*PROMPT*
The listing is to be reproduced exactly, excluding its pictures.

*INFORMATION SUPPLIED*
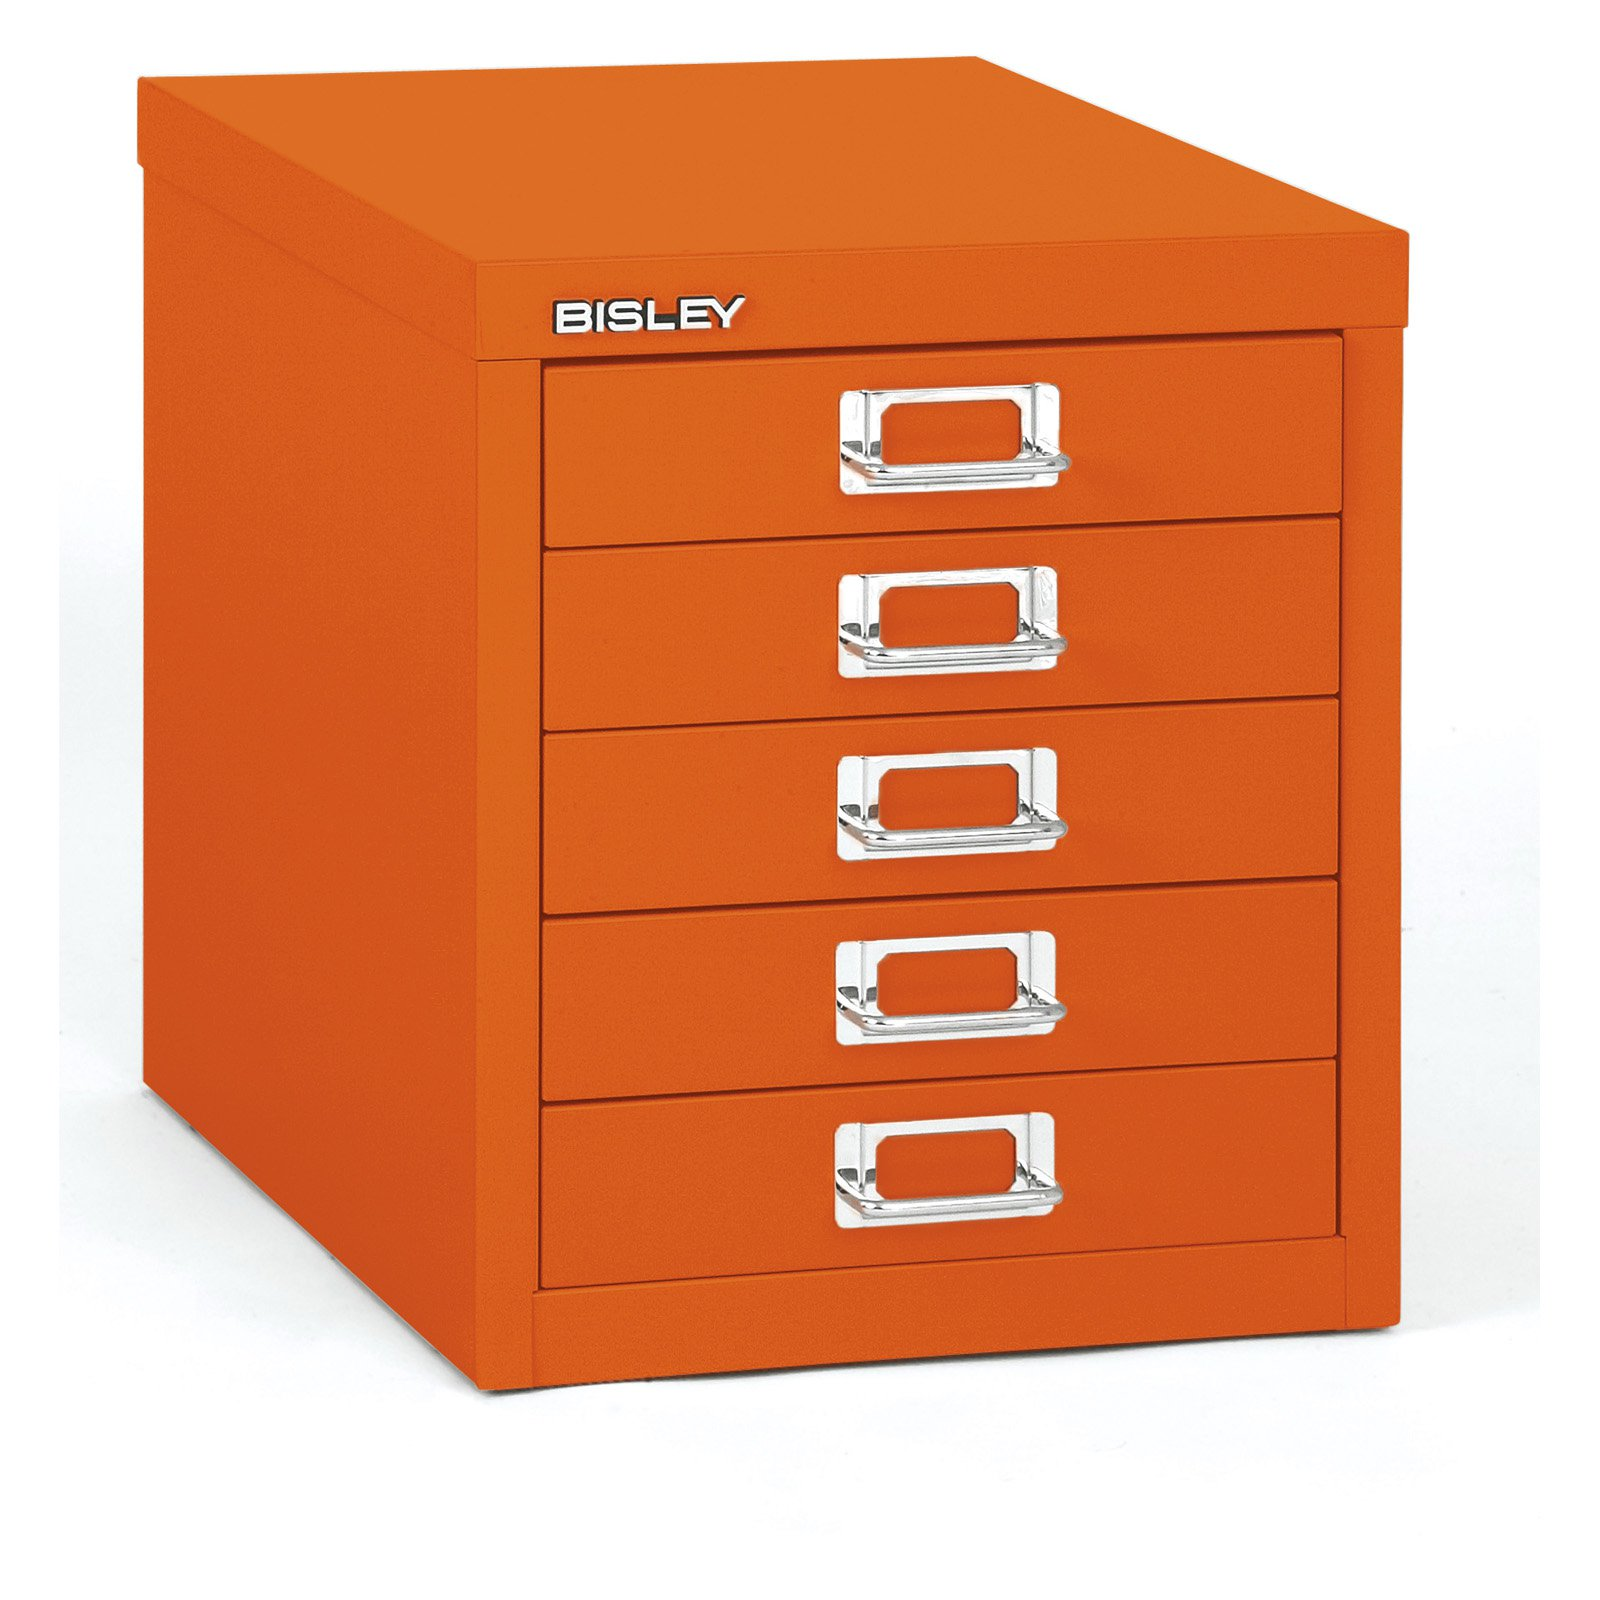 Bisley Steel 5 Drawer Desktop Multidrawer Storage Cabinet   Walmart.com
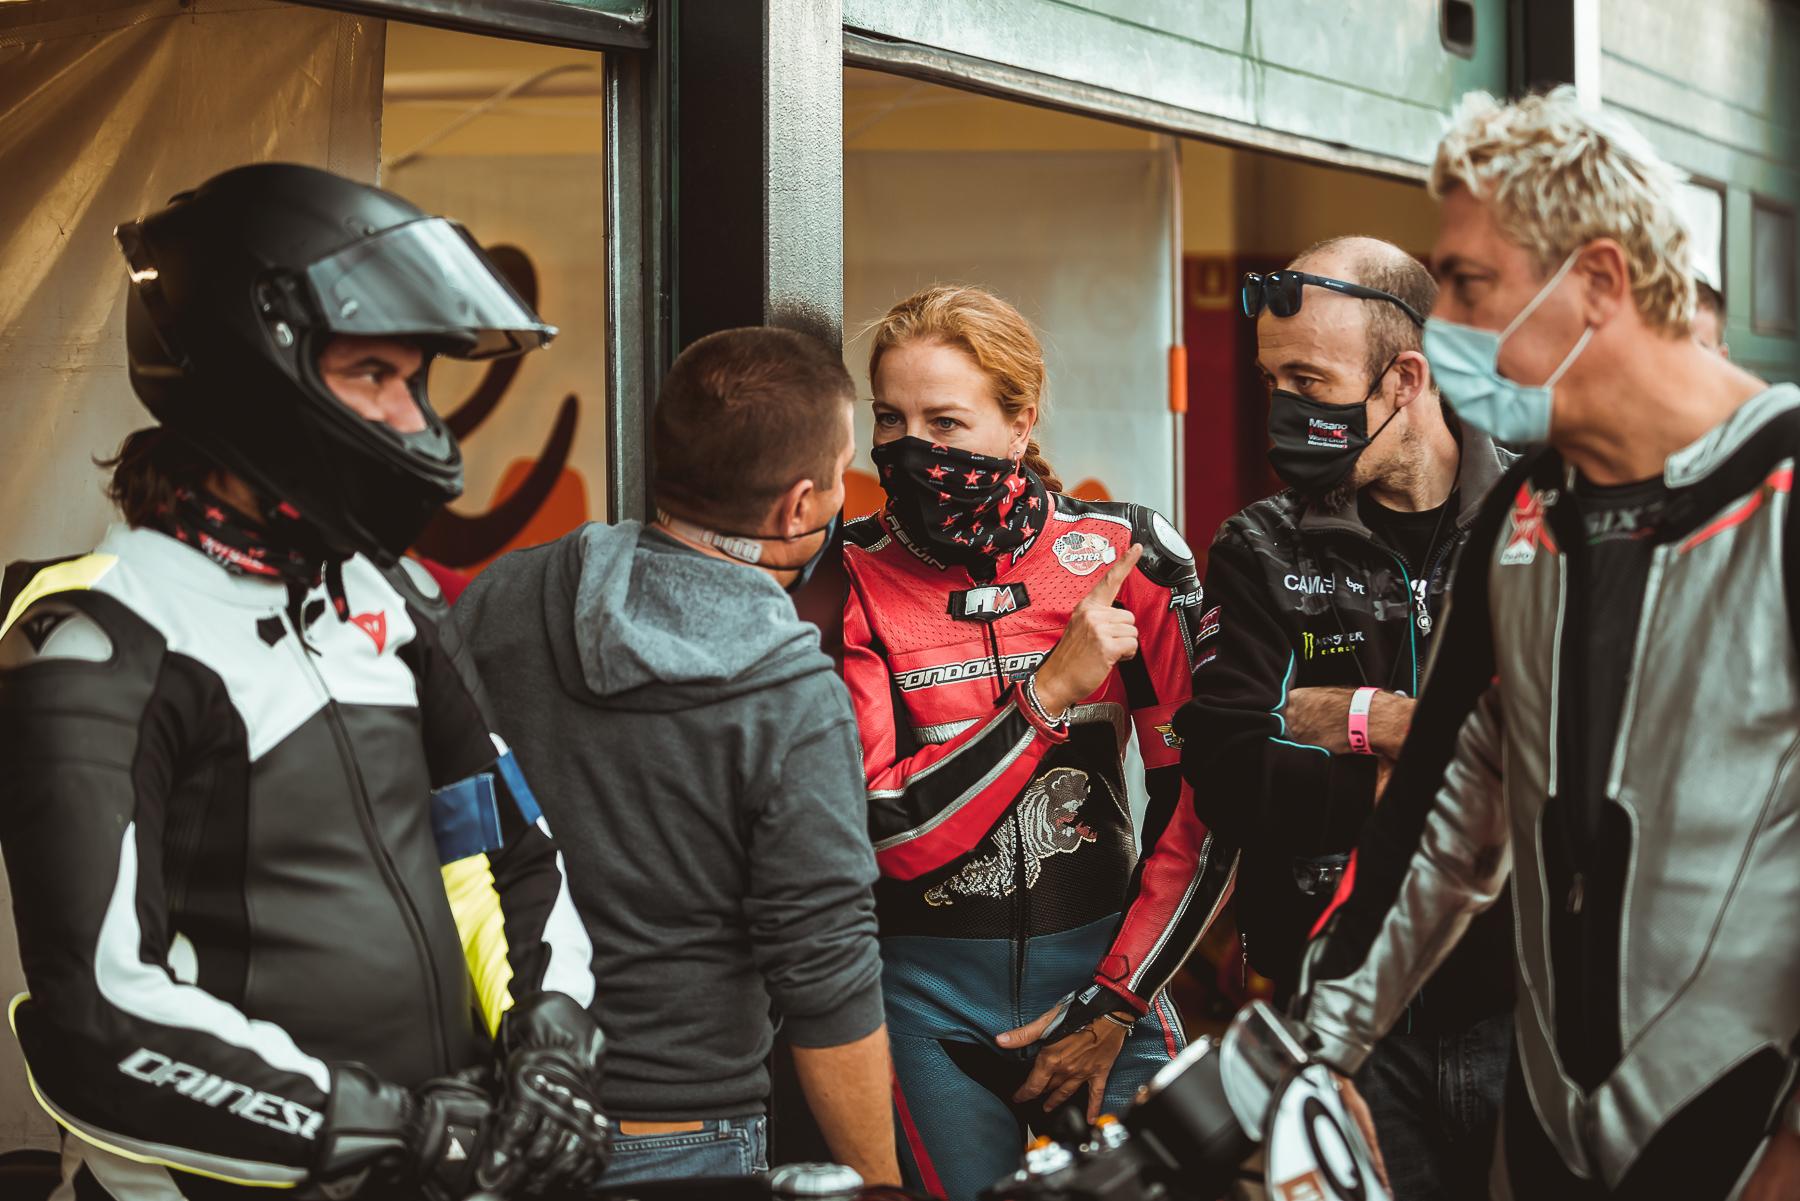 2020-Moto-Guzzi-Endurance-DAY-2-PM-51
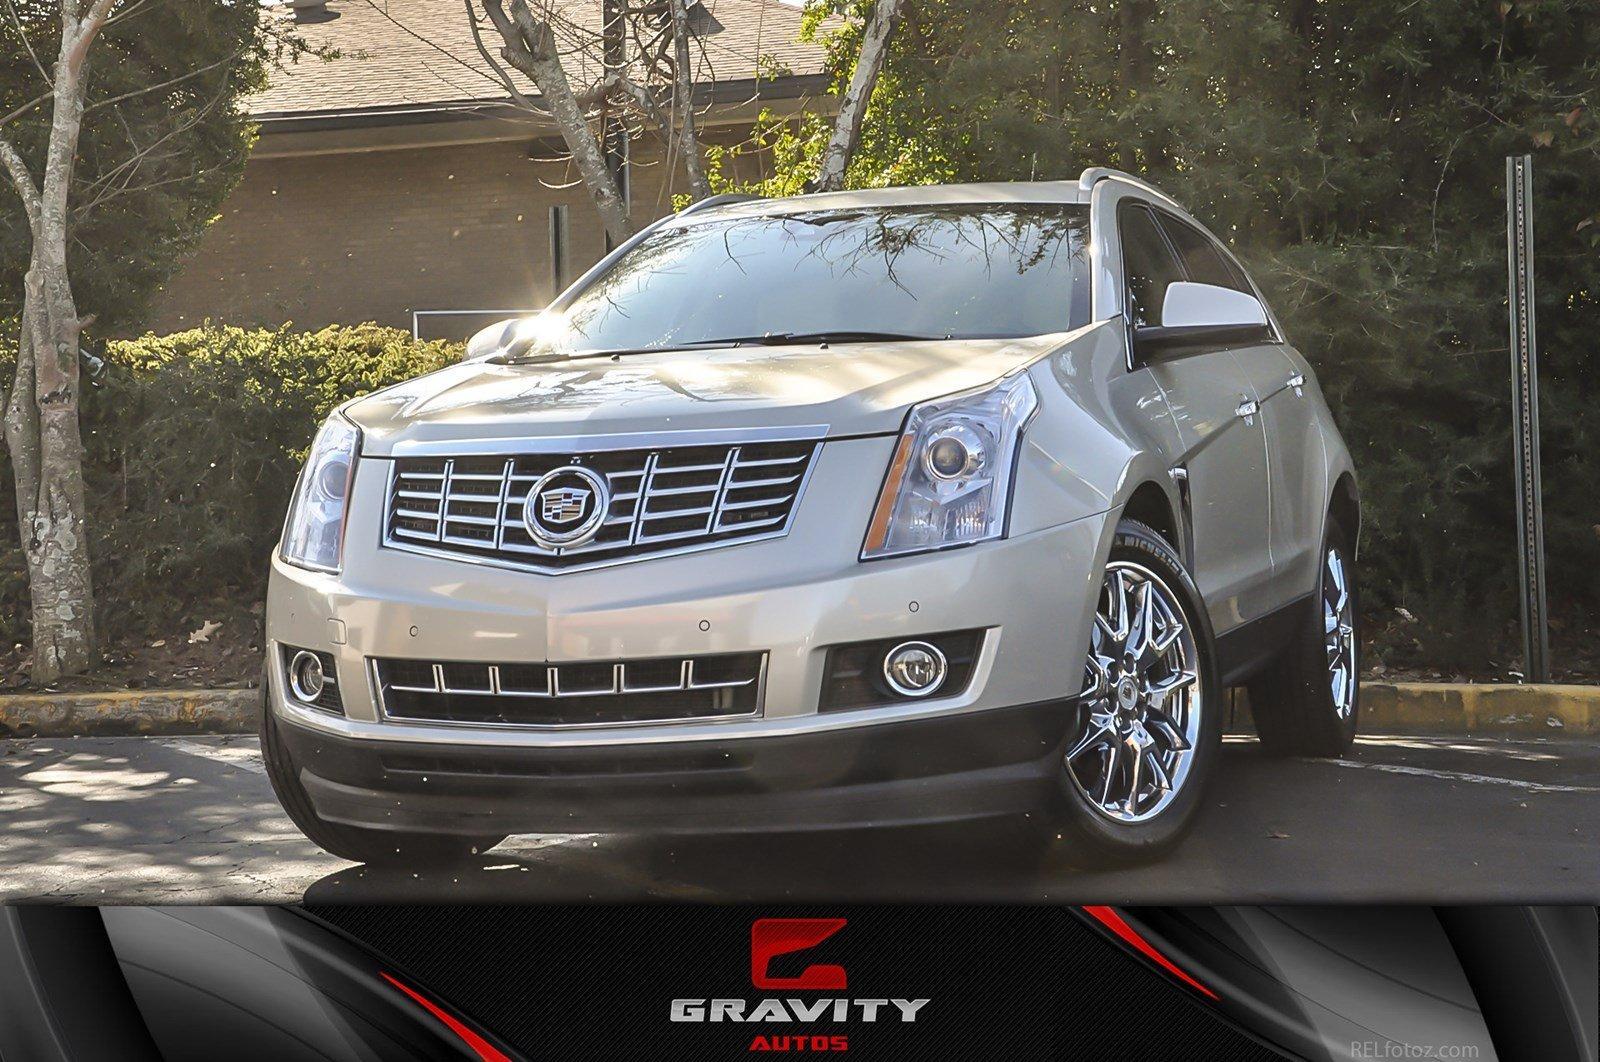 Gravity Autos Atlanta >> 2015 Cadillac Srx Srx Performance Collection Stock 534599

*RESPONSE FOR THIS EXERCISE*
 Bisley Steel 5 Drawer Desktop Multidrawer Storage Cabinet   Walmart.com
 2020-Moto-Guzzi-Endurance-DAY-2-PM-51
 Gravity Autos Atlanta >> 2015 Cadillac Srx Srx Performance Collection Stock 534599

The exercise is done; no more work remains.